THINK CONSERVATIVE
May 30, 2017
A couple of weeks ago I discussed the different types of materials that are being used today to “fix” teeth. I broke them down into two main categories – direct vs. indirect materials. Direct materials are things like silver amalgam and tooth-colored resin/composite that are placed directly into the tooth after the tooth is prepared. Indirect restorations are things like crowns, gold and ceramics in which the tooth is prepared and a manufactured restoration is cemented or bonded to the tooth.
Whatever your feelings are on amalgam, there is no disputing that it proved to be a very successful material over a long period of time. Despite this, it has not been used in most of Europe in decades and is used relatively infrequently in the United States. Its replacement, tooth-colored composite resin has made much progress in its ability to look good, allow more conservative treatment, and hold up well if used within the recommended parameters. However, it falls short when restorations get larger, cusps of teeth are involved, and/or when patients have bruxing/grinding issues.
In my experience, most patients don’t ask too many questions about the materials that will be used to “fix” their teeth. However, I think it is a conversation worth having. The expected lifespan of the materials being used in your mouth is good information to know to help you make a decision about your treatment. If you had a moderate to large silver filling to be replaced (that’s been there for 30 years) and the dentist told you that your new composite resin had an expected lifespan of 5-10 years, would you be okay with that?

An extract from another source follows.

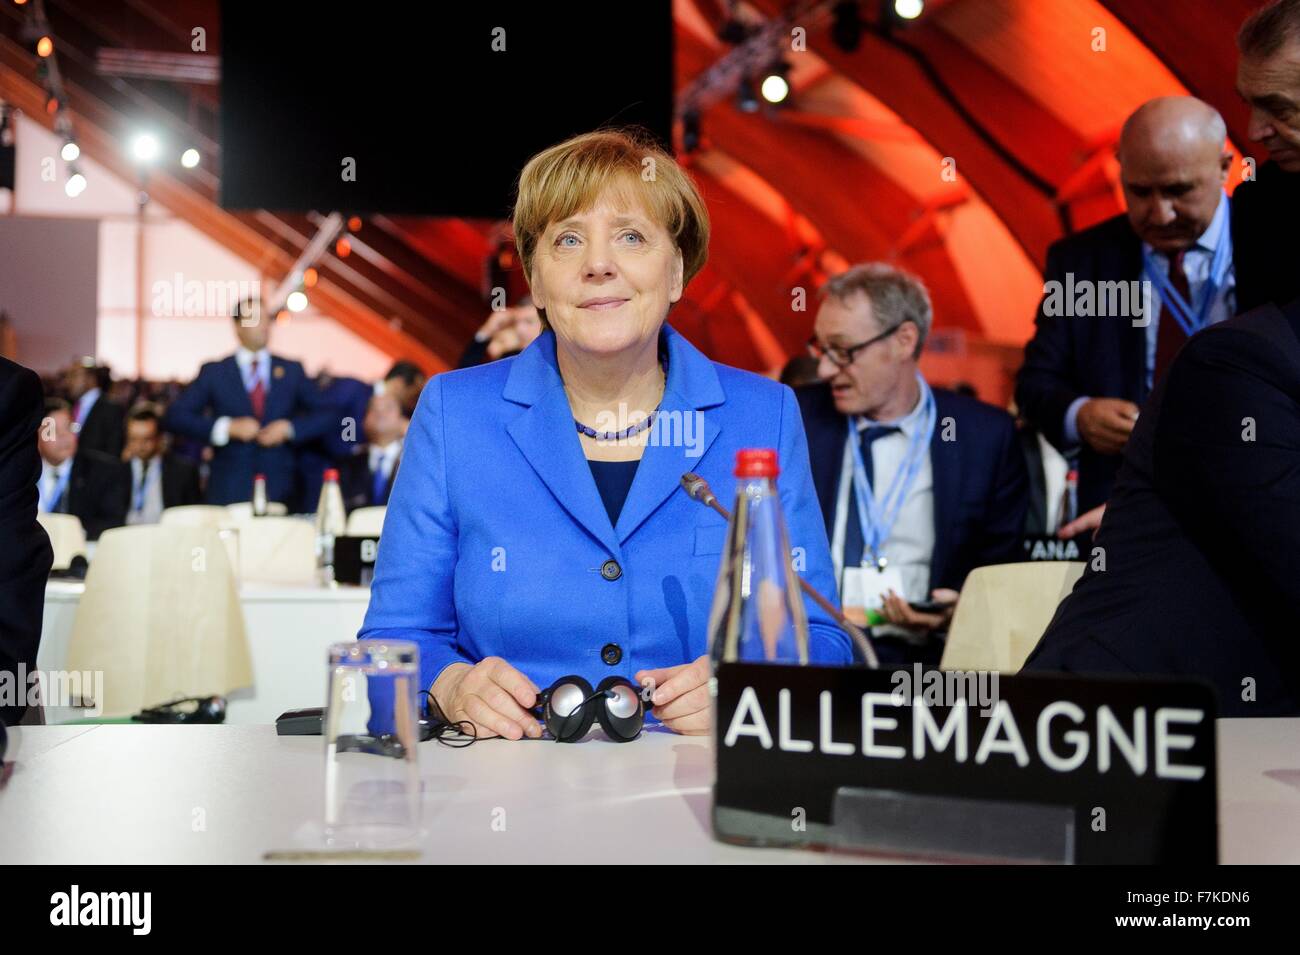 Le Bourget, France. 30th November, 2015. German Chancellor Angela Merkel during the plenary session of the COP21, United Nations Climate Change Conference November 30, 2015 outside Paris in Le Bourget, France. Stock Photo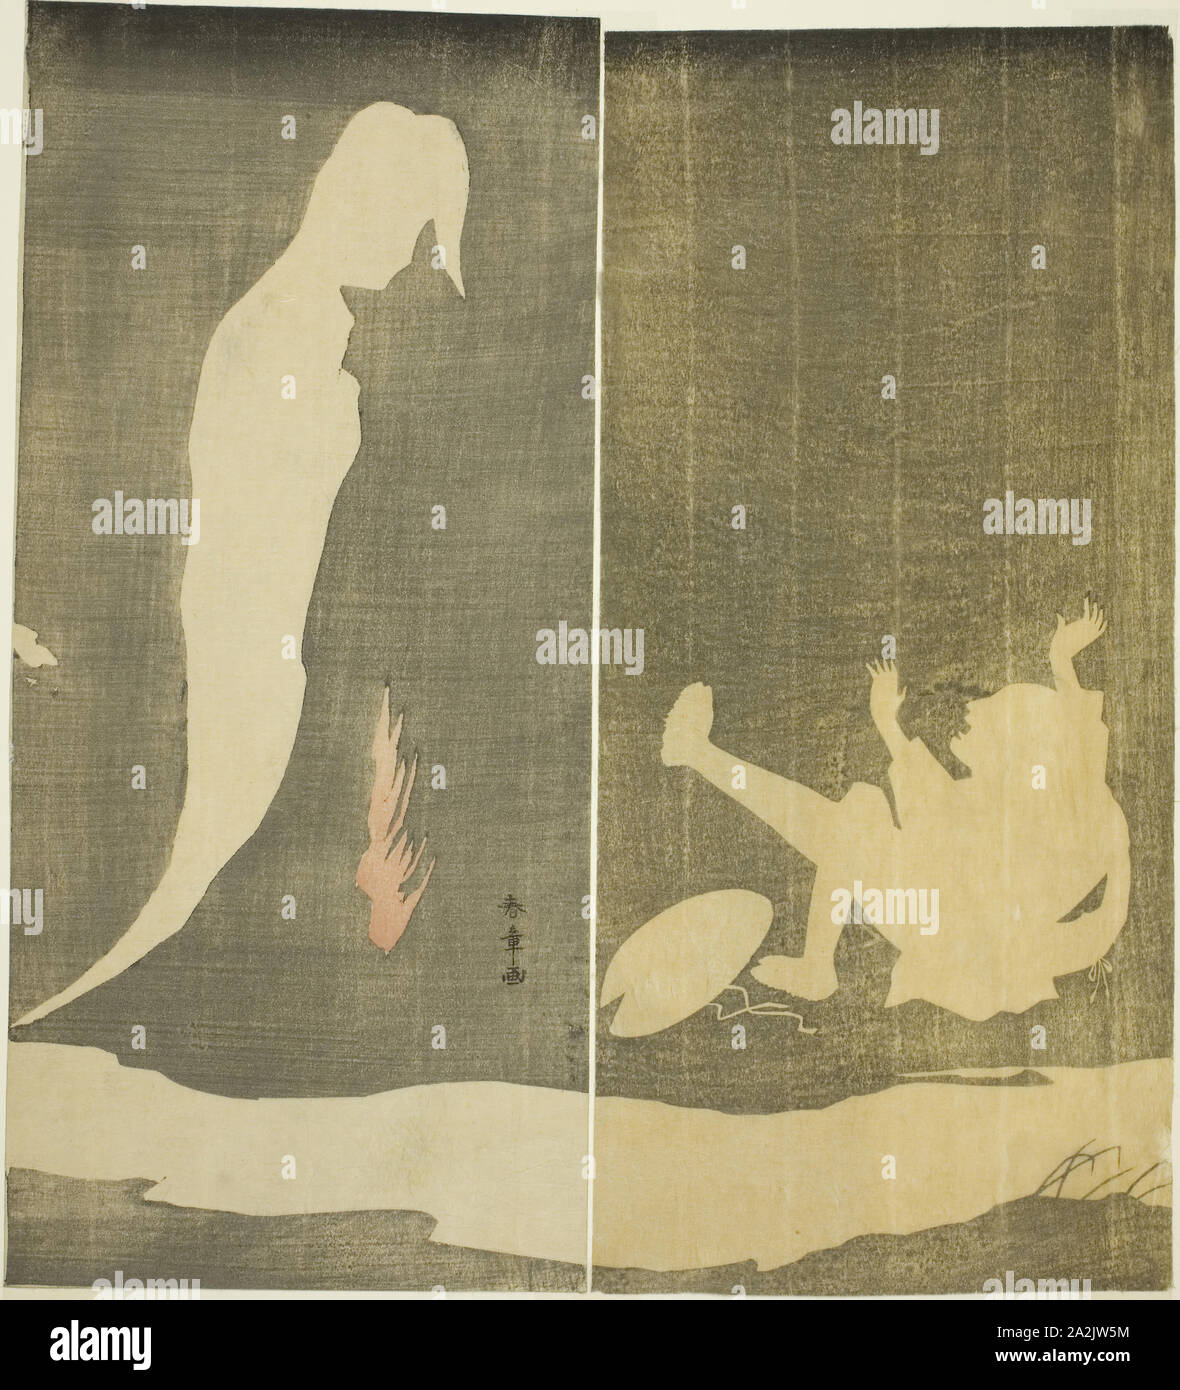 Man Falling Backward, Startled by a Woman’s Ghost over a River, c. 1782, Katsukawa Shunsho 勝川 春章, Japanese, 1726-1792, Japan, Color woodblock print, hosoban diptych, Right: 31.5 x 14.2 cm (12 3/8 x 5 9/16 in.), left: 31.7 x 14.2 cm (12 1/2 x 5 9/16 in Stock Photo

I was recently at a training session for my CAD/CAM (computer-aided design/computer-aided manufacturing) machine which produces indirect restorations. The presenter discussed the fact that we live in a challenging time for our dental restorations. Teeth are under a lot of stress with the normal functions of eating. Throw in additional stress from grinding and an acidic environment from all the carbonated beverages we drink or gastric reflux issues people unknowingly have, and teeth are at a disadvantage.
This is why I think it is so important for patients to be more active participants in their treatment decisions. My first thought when I am determining what type of restoration to propose in any given situation is – What can I do that is the most conservative, yet adequately protective, keeping in mind that I want as much tooth around as possible for the next time this tooth needs to be fixed?
CAD/CAM technology allows the dentist to perform less invasive, longer-lasting dentistry. Tooth-colored direct composite resin is great for smaller to moderate sized fillings and should be used whenever cusps of teeth are not involved. The traditional crown (which covers the whole tooth) should be done less frequently with the use of CAD/CAM technology, which allows more conservative restorations to be done in one visit.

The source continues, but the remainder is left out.